Stock Photographers Keep Playing the Hits

Jim Maxwell once wrote an essay on how to write a country song guaranteed to hit the Top 40: Include a done-me-wrong lady, a horse, a thief, a train, a jailhouse, a shotgun. Mix with emotion: jealousy, love, regrets. Add some action: a bank robbery, wreck at a railroad yard, a hard-driving rodeo. Deliver with a twang, weave in a refrain that can be repeated with five notes on the piano –and you can’t lose.

Would you like a similar recipe for moneymaking stock photos? How about: a financially happy family, watching a group of busy employees, silhouetted against a palm-fringed beach, at sunset, with dramatic clouds in a big sky featuring (in the upper left-hand corner) the NASA shot of the planet Earth.

Well, maybe separate shots of each of those elements would be more manageable.

Like popular songs manufactured from a formula, stock photo “hits” aren’t necessarily the photos you’d choose as the best representatives of your heart or talent — but they sure can pull in dollars for you while you are laboring to survive in the stock photo industry.

Financially successful commercial stock photographers manufacture the “hits” over and over again — and were doing so long before the days of the Web and microstock.

Photography Best Sellers

Twenty years ago, James Ong, the former president of the Four By Five Stock Photo Agency, compiled 100 top-selling stock photos and provided each photo’s sales history in the book Photography Best Sellers.
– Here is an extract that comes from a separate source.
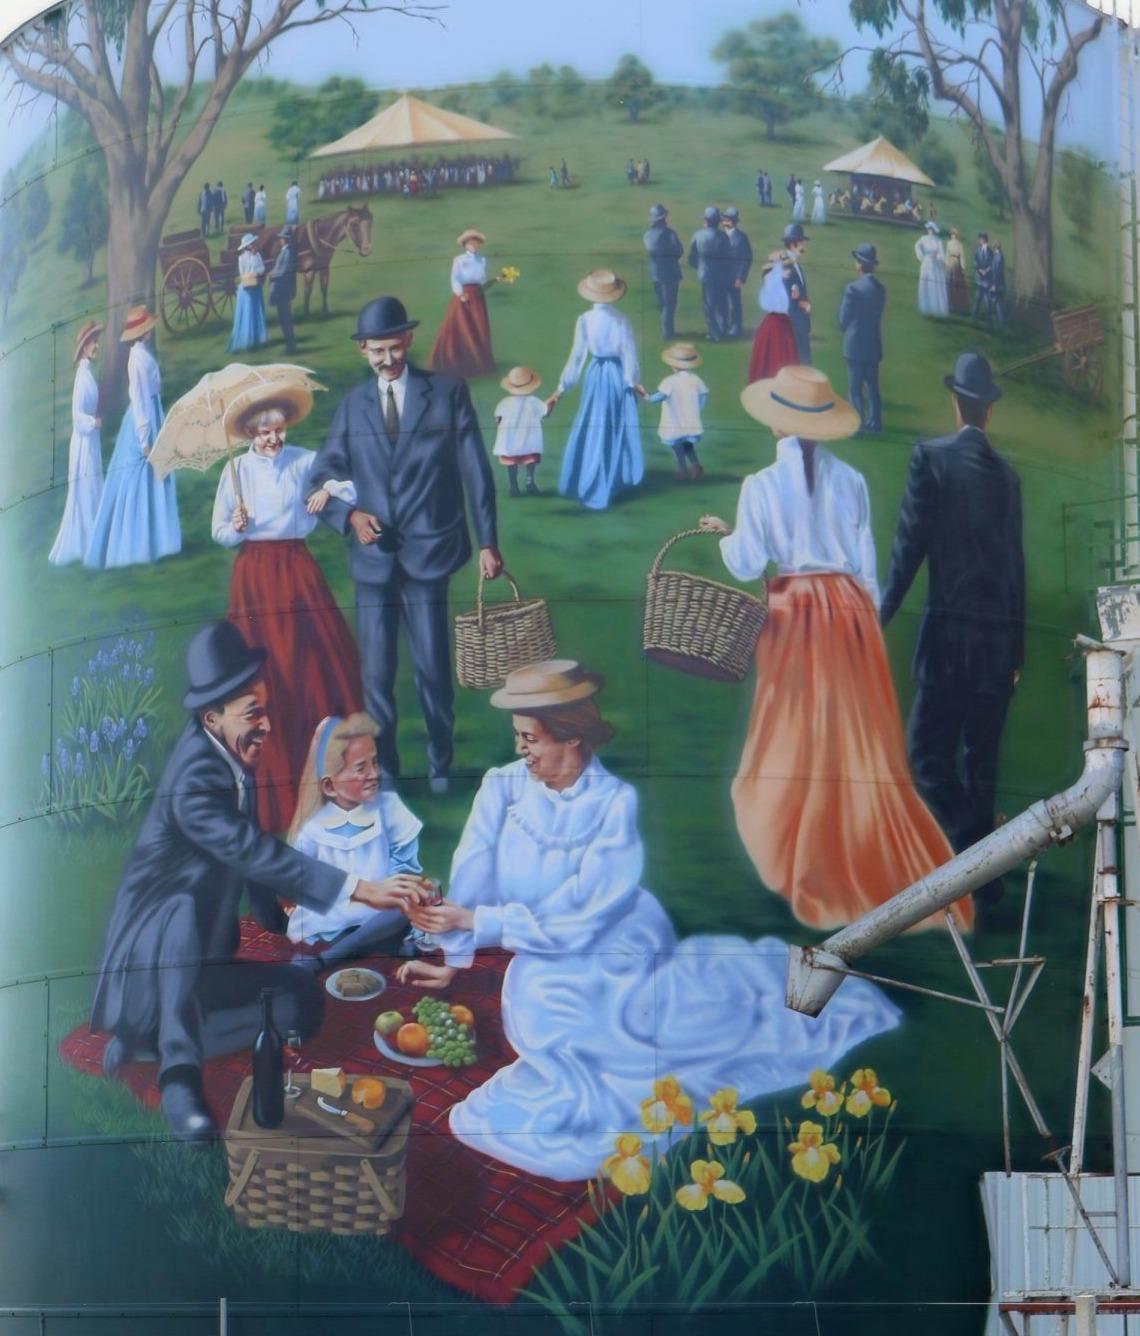 The Colbinabbin Farmers Picnic

Needless to say, Henri Cartier-Bresson and W. Eugene Smith aren’t included among Ong’s top sellers.

So, what was the No. 1 moneymaker in Ong’s compilation? A subject that isn’t hard to get; just point your camera and shoot. It was an image of clouds. The photograph earned — back then — total sales of $75,131. The No. 2 picture? Also clouds — earning $66,174. Other pictures in the top 15: busy workers, happy families, sunsets, beaches, and the public domain NASA picture of Earth.

If you are into photography strictly for the money, the above could be a clue as to what you should be taking (or making) to send to the microstock sites that you work with.

Things really haven’t changed that much in the past 20 years. If you look at the current best-selling images on iStockPhoto and other stock sites, you’ll see lots and lots of clouds.

James Ong never made any value judgments on his book’s photographs, by the way — other than to say that money talks. And who can argue with that?